[Requirement]
All that is needed is the lines from the one containing "CAP TAIN AMERICA" through the end of the listing, printed exactly, with no pictures among them.

(Records to use)

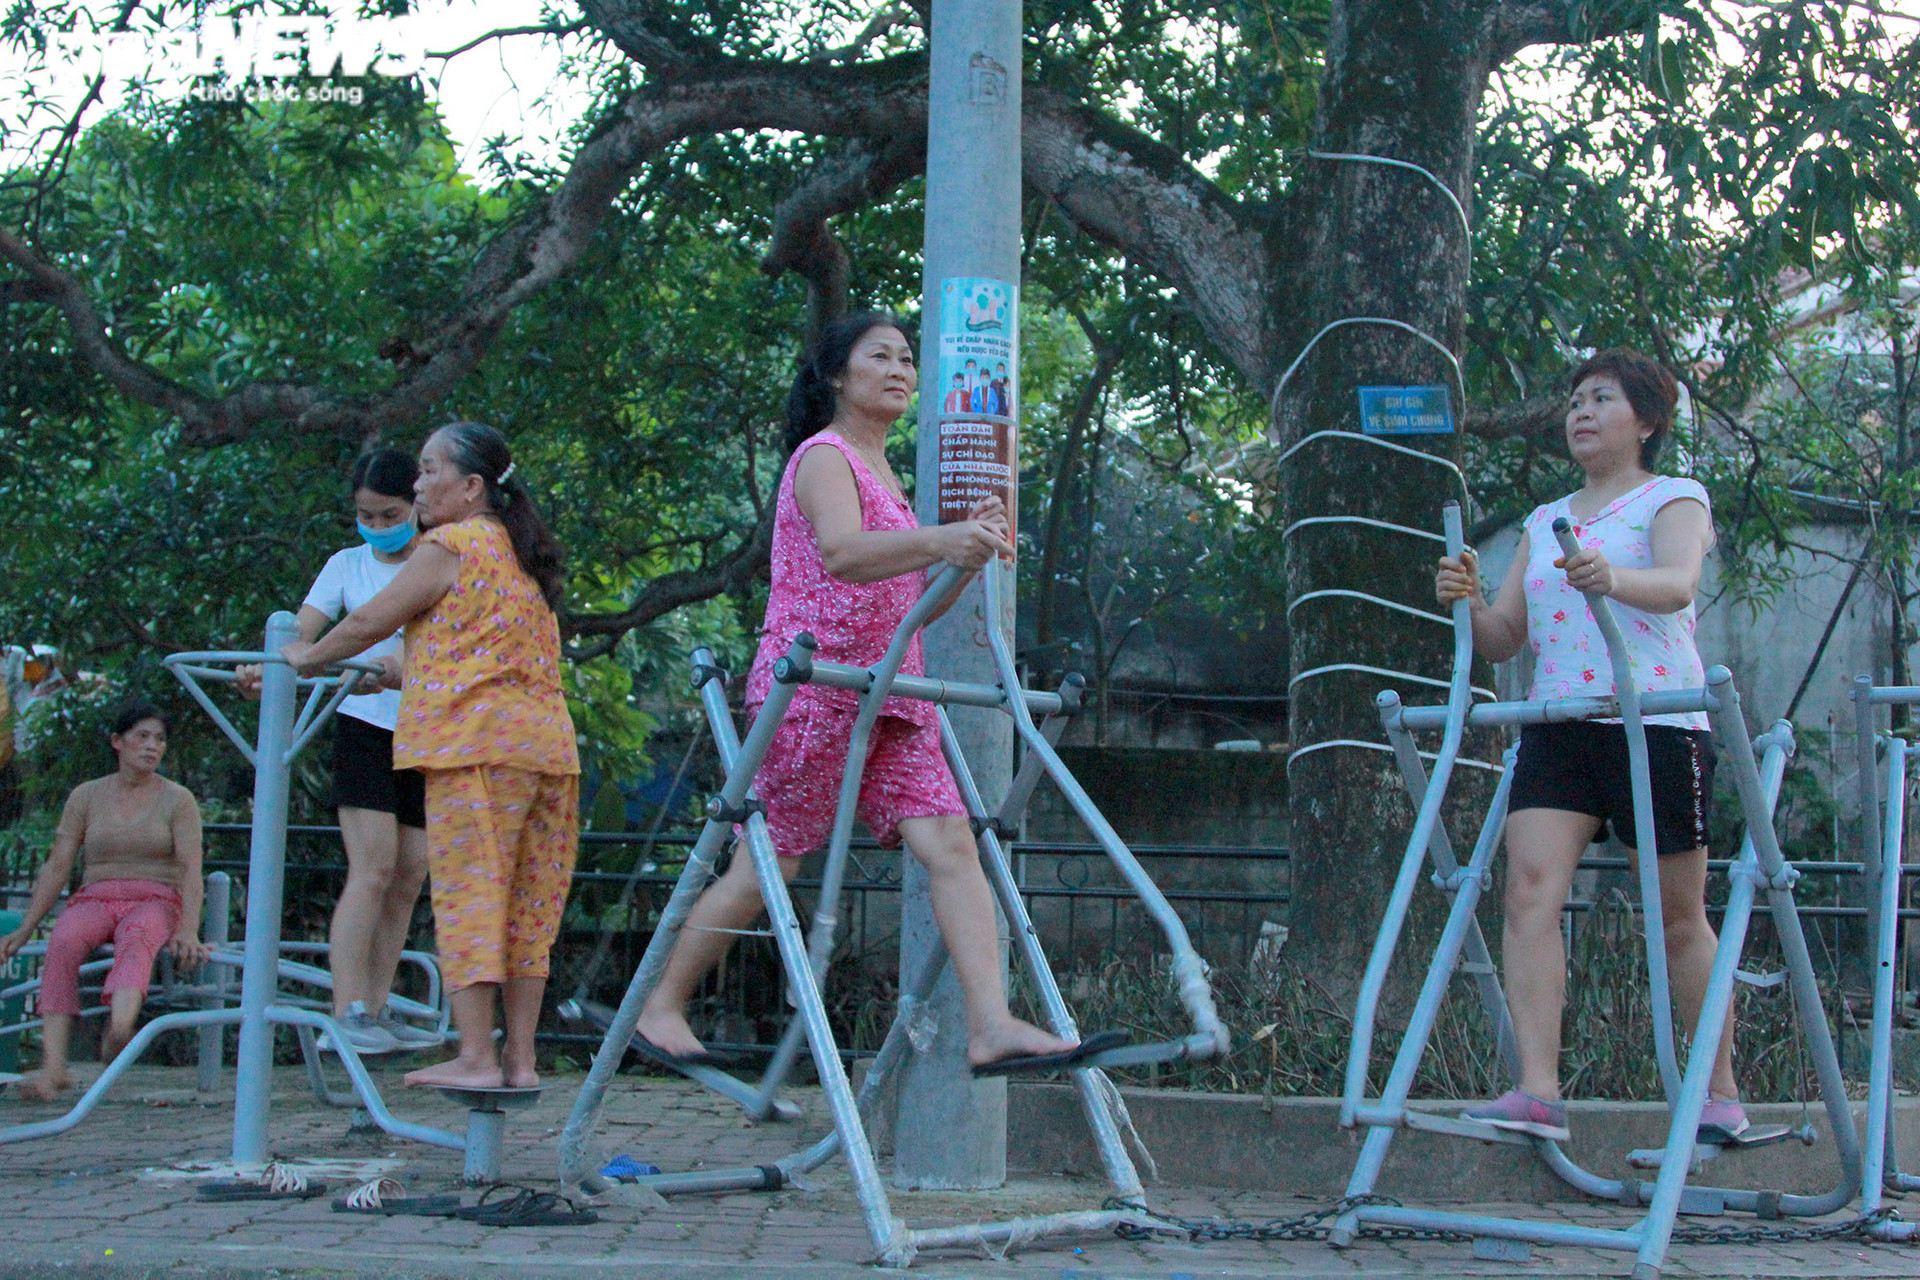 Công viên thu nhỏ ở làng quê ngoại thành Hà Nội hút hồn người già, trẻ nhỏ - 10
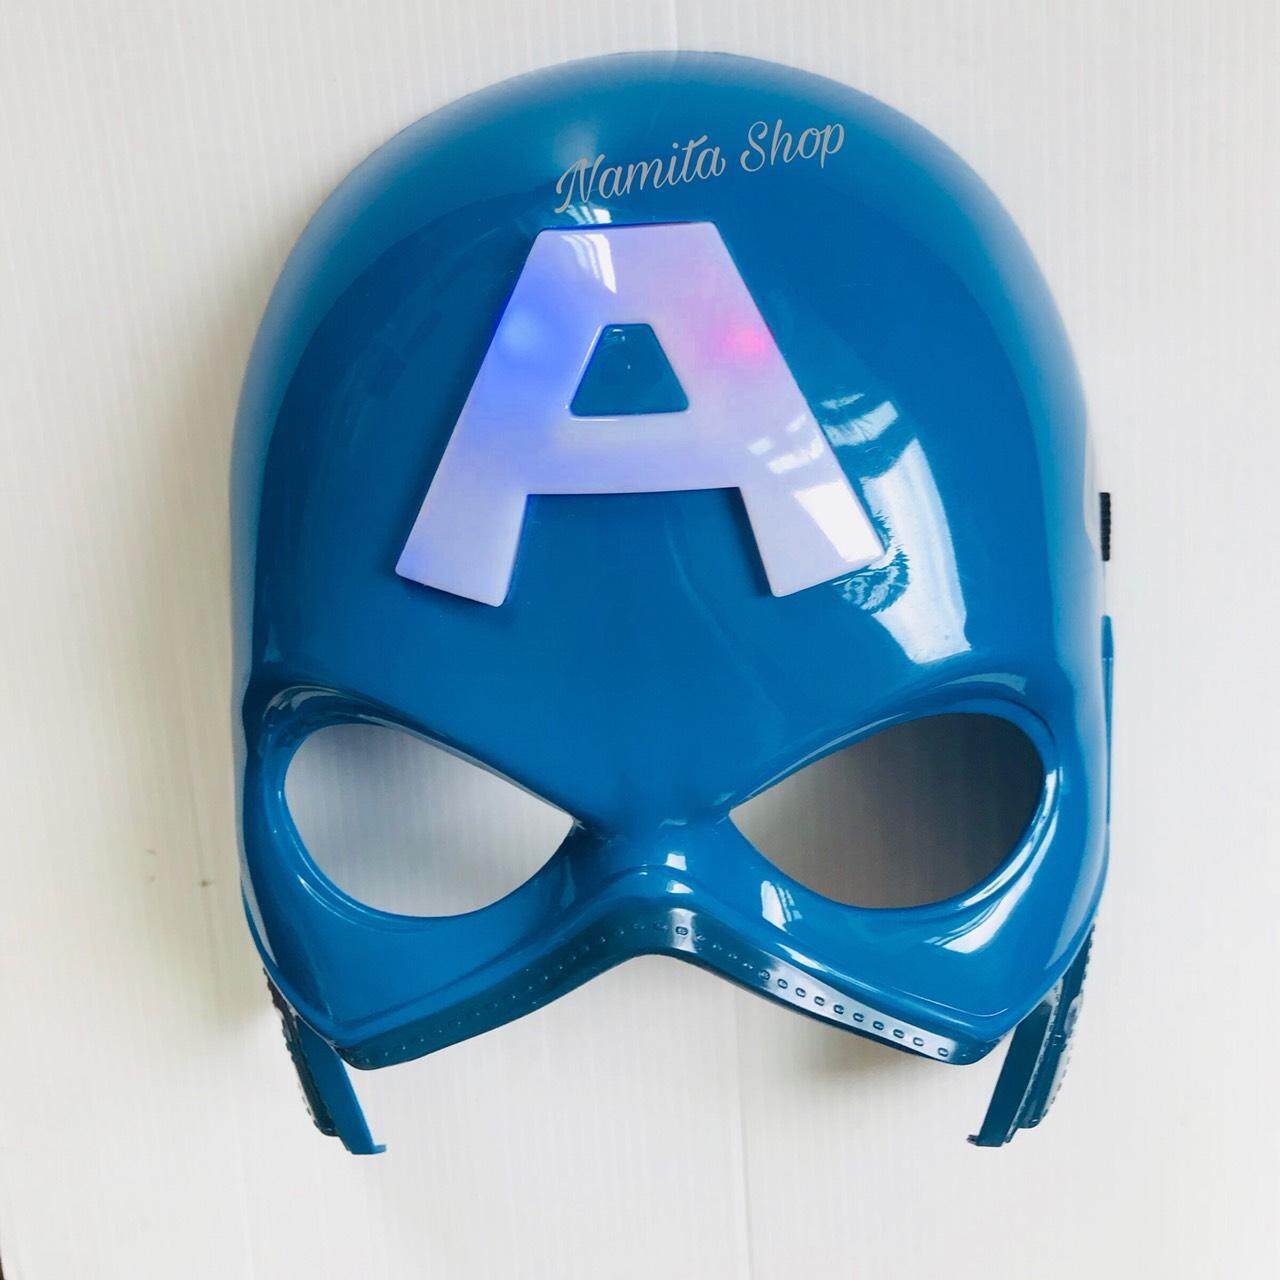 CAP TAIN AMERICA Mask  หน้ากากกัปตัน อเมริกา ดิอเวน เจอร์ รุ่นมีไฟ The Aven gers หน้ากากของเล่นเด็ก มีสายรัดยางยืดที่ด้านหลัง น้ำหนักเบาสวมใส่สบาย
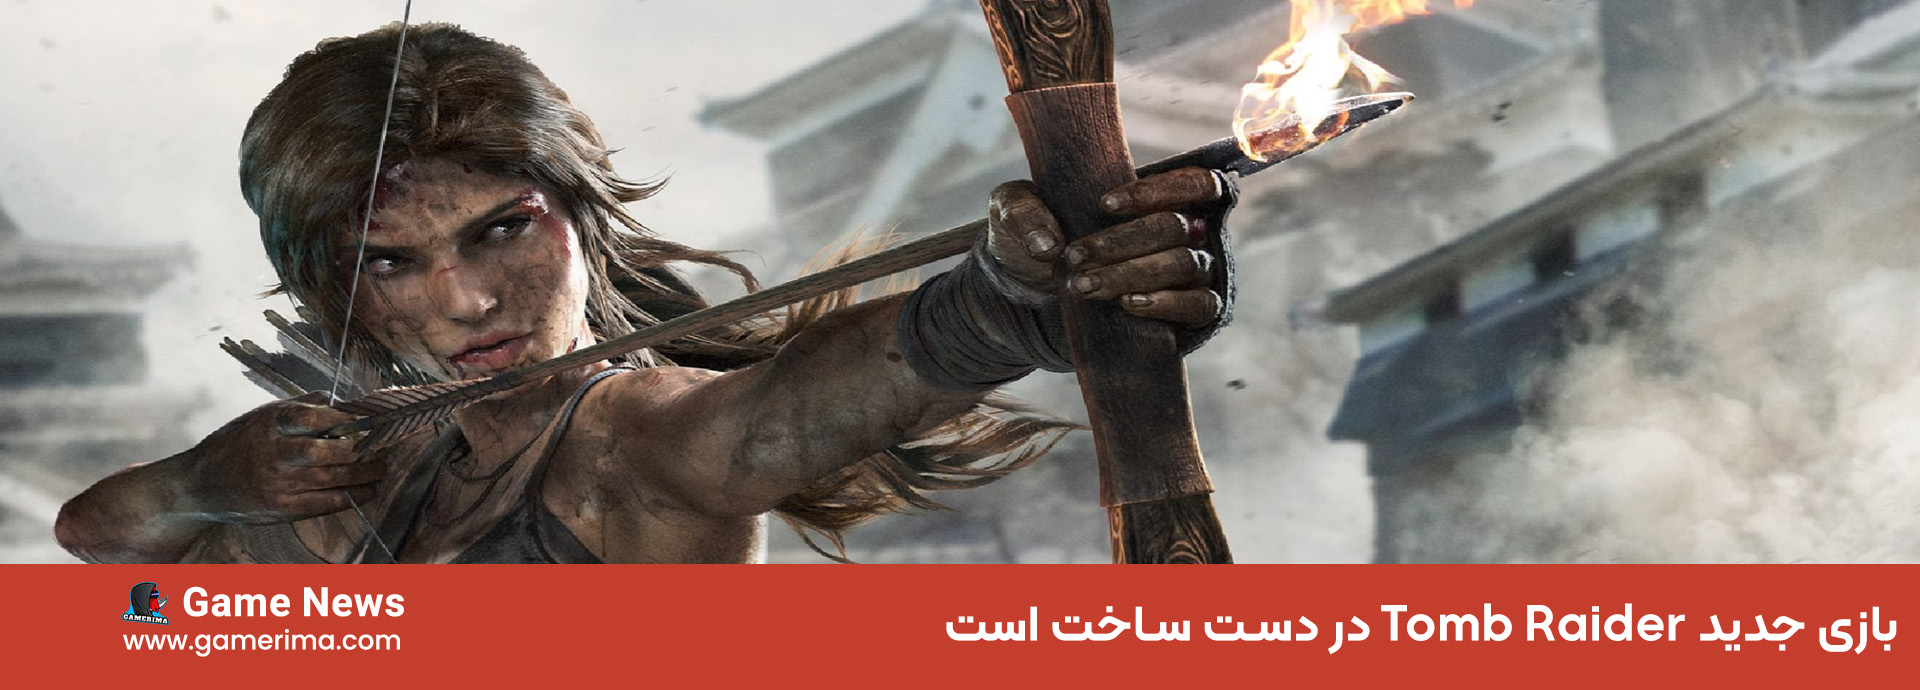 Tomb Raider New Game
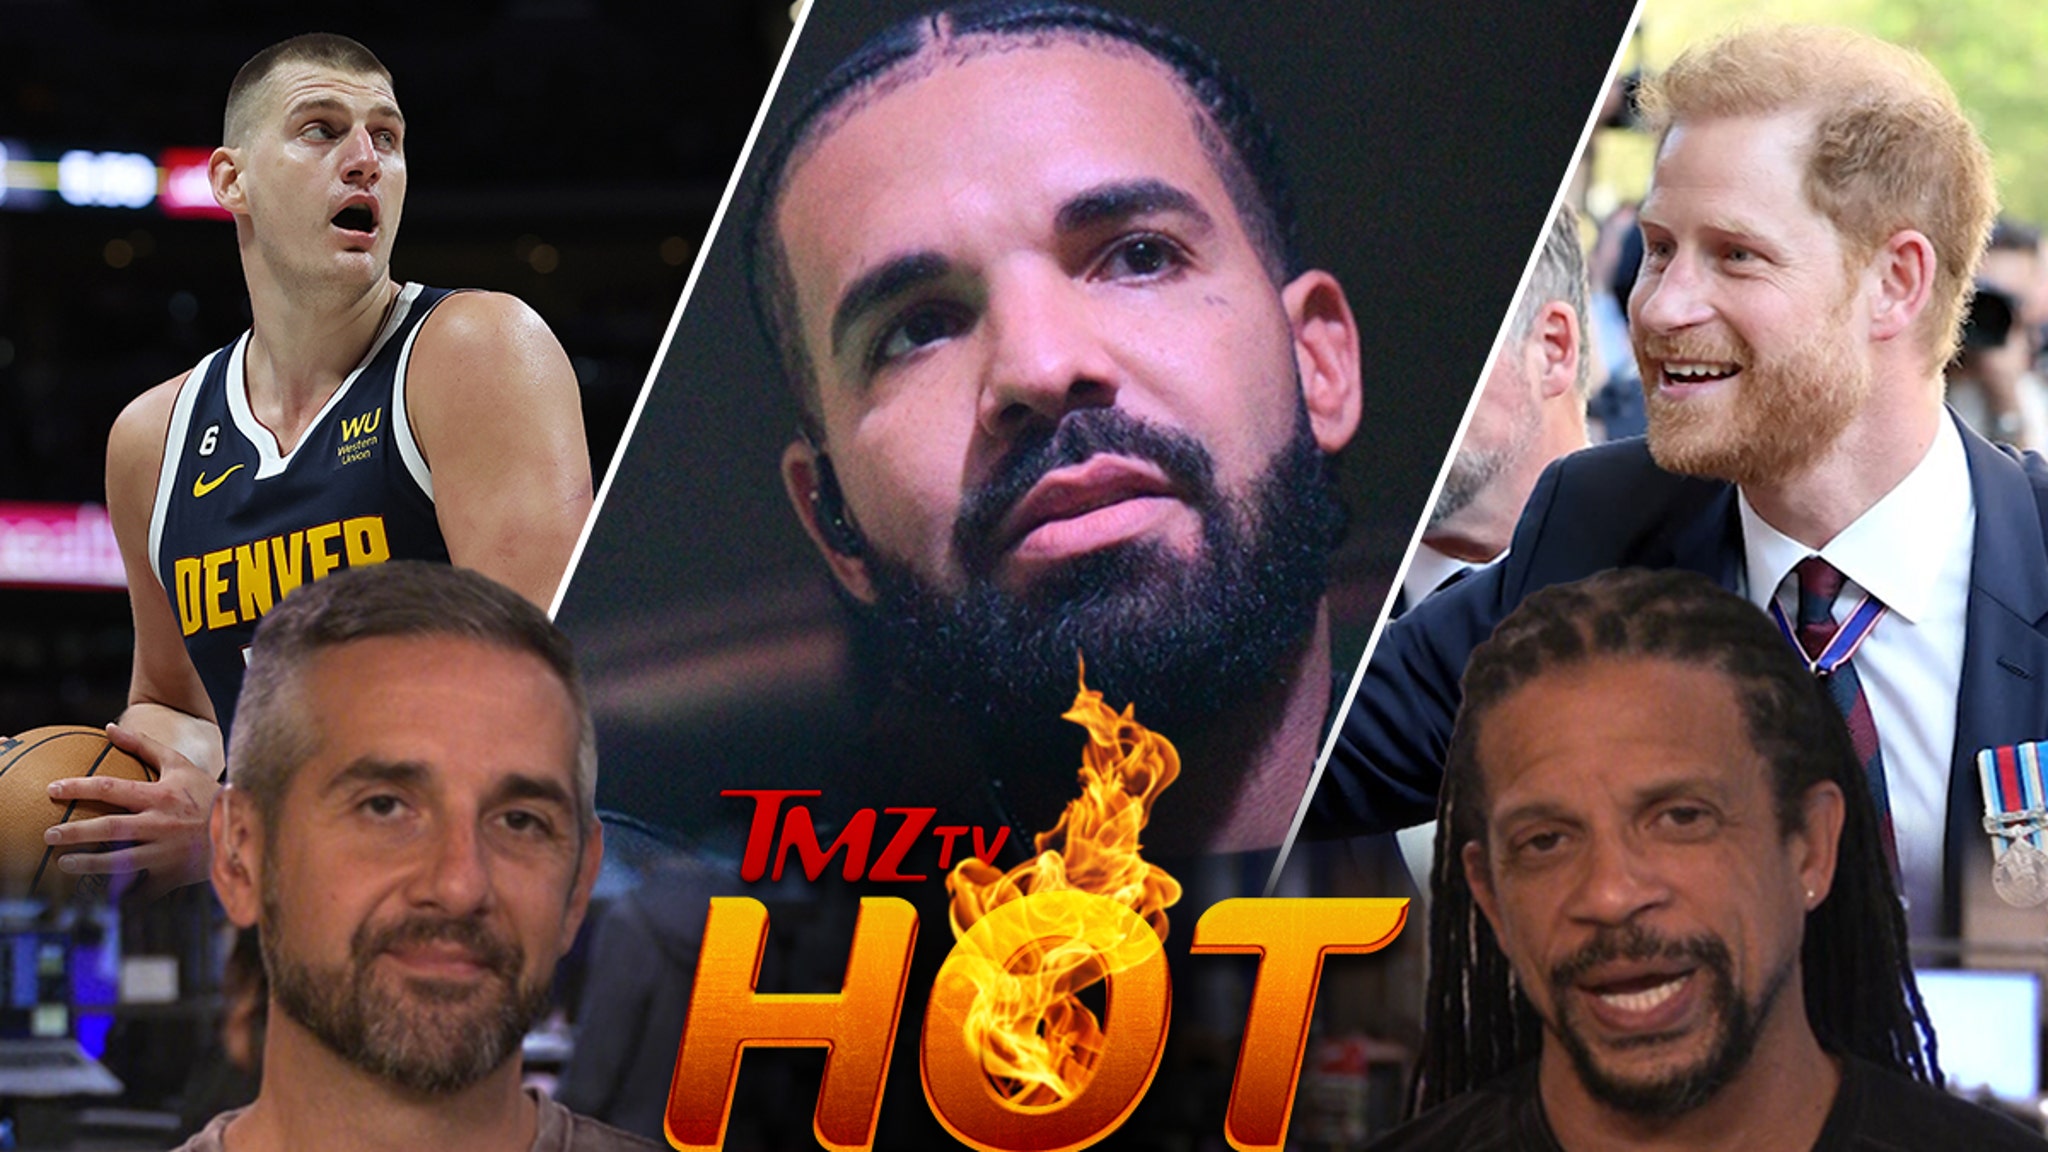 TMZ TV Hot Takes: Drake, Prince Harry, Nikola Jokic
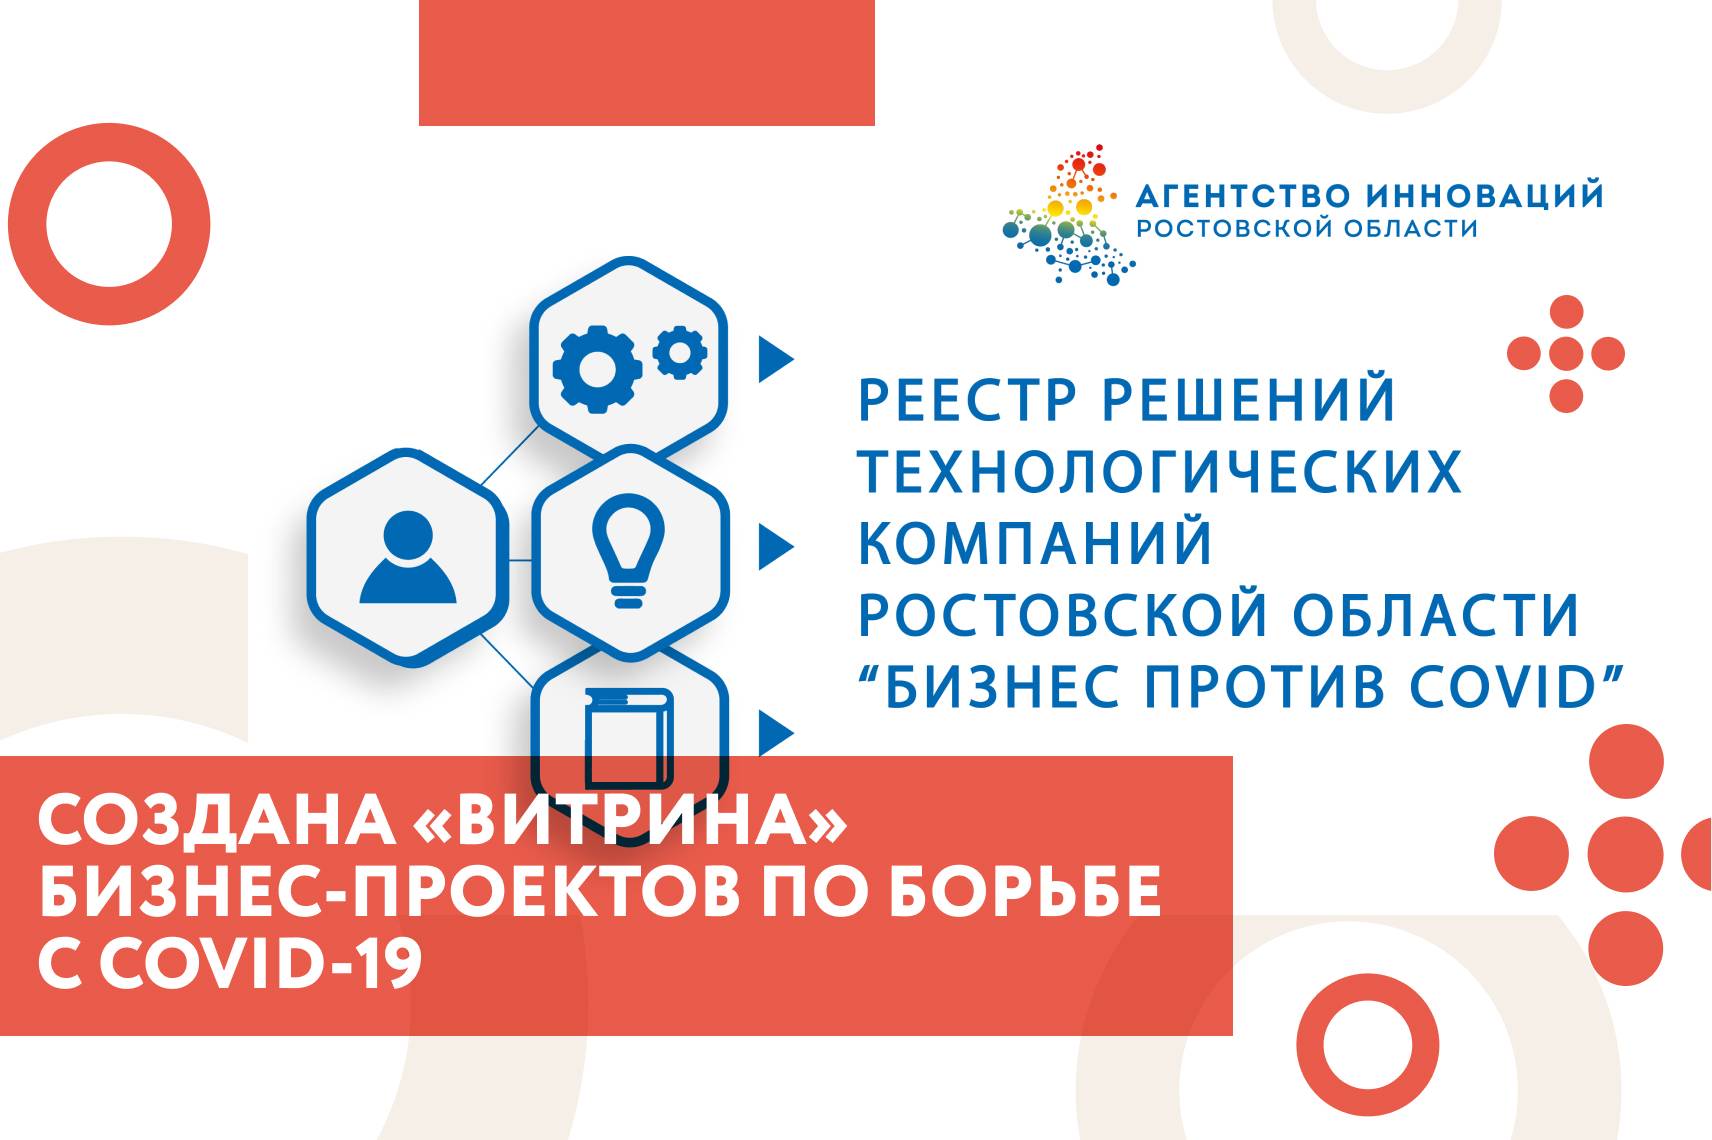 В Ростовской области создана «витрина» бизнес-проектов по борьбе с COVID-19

(End Records to use)

[Task output]
 CAP TAIN AMERICA Mask  หน้ากากกัปตัน อเมริกา ดิอเวน เจอร์ รุ่นมีไฟ The Aven gers หน้ากากของเล่นเด็ก มีสายรัดยางยืดที่ด้านหลัง น้ำหนักเบาสวมใส่สบาย
 Tomb Raider New Game
 TMZ TV Hot Takes: Drake, Prince Harry, Nikola Jokic
 В Ростовской области создана «витрина» бизнес-проектов по борьбе с COVID-19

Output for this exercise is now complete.